It should be noted that: like reference numerals and letters denote like items in the following figures, and thus once an item is defined in one figure, no further discussion thereof is necessary in subsequent figures.

Fig. 1 illustrates a flow chart of some embodiments of a method of determining an image target area of the present disclosure.

As shown in fig. 1, the method includes: step 110, eyeball motion determines each focus position; step 120, determining each region of interest by the machine learning model; and step 130, determining a target area.

In step 110, each focus position of the user on the target picture is determined according to the movement information of the eyeball of the user during the process of observing the target picture. For example, the movement information of the eyeball includes at least one of movement of the eyeball relative to the head or the eyeball position.

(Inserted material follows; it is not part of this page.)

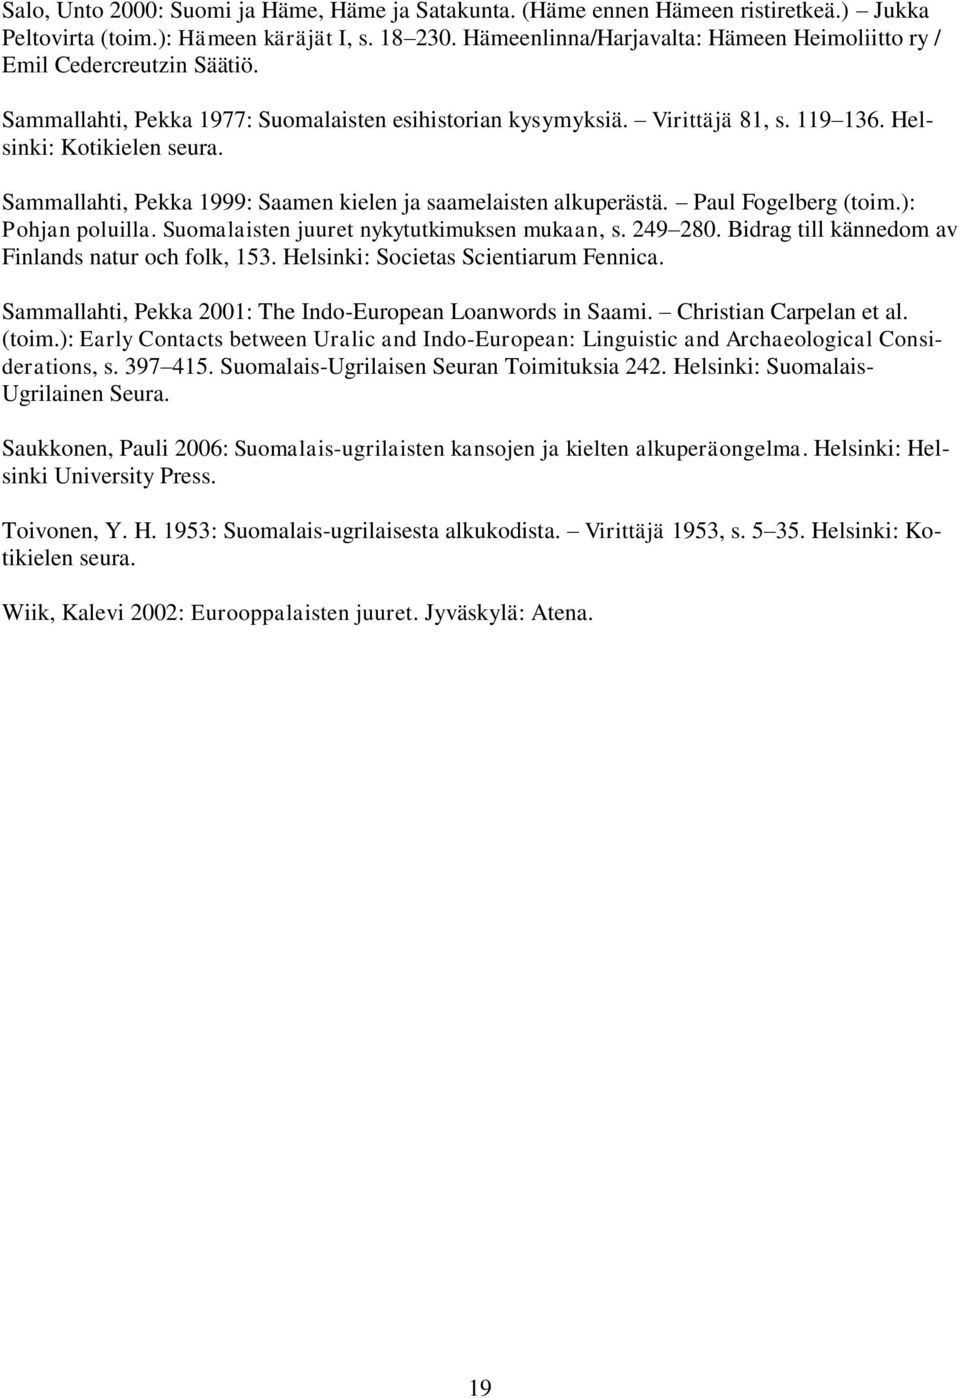 Sammallahti, Pekka 1999: Saamen kielen ja saamelaisten alkuperästä. Paul Fogelberg (toim.): Pohjan poluilla. Suomalaisten juuret nykytutkimuksen mukaan, s. 249 280.

In some embodiments, eye Tracking (Eye Tracking) may be performed on the user, with Eye movement being tracked by measuring the position of the gaze point of the Eye or the movement of the Eye relative to the head. For example, the movement information of the eyeball may be obtained by tracking the position of the measured eyeball by an eye tracker (e.g., by a video capturing device).

In some embodiments, the target picture can be acquired by an eye tracker (Screen-Based Eye Tracker) based on Screen display and the motion information of the eyeball is tracked and measured; the device capable of taking the target picture from the angle of the observer can also be used for acquiring the target picture and tracking and measuring the movement information of the eyeballs through eye tracking glasses (Eye Tracking Glasses).

For example, using Screen-Based Eye Tracker, a medical image picture displayed on a Screen can be used as a target picture and eye movements of a diagnostician can be tracked for computer-aided detection; the Eye Tracking Glasses is used for acquiring a target image containing a vehicle or a traffic sign seen by a driver in real time and tracking the eyeball movement of the driver so as to carry out computer-aided driving.

In some embodiments, determining each gaze point of the user on the target picture from the motion information; and determining each attention position according to the track formed by each attention point.

In step 120, each region of interest on the target picture is extracted using the machine learning model. For example, machine learning models may be trained to extract face regions in portrait pictures, or to extract lesion regions in medical pictures, etc.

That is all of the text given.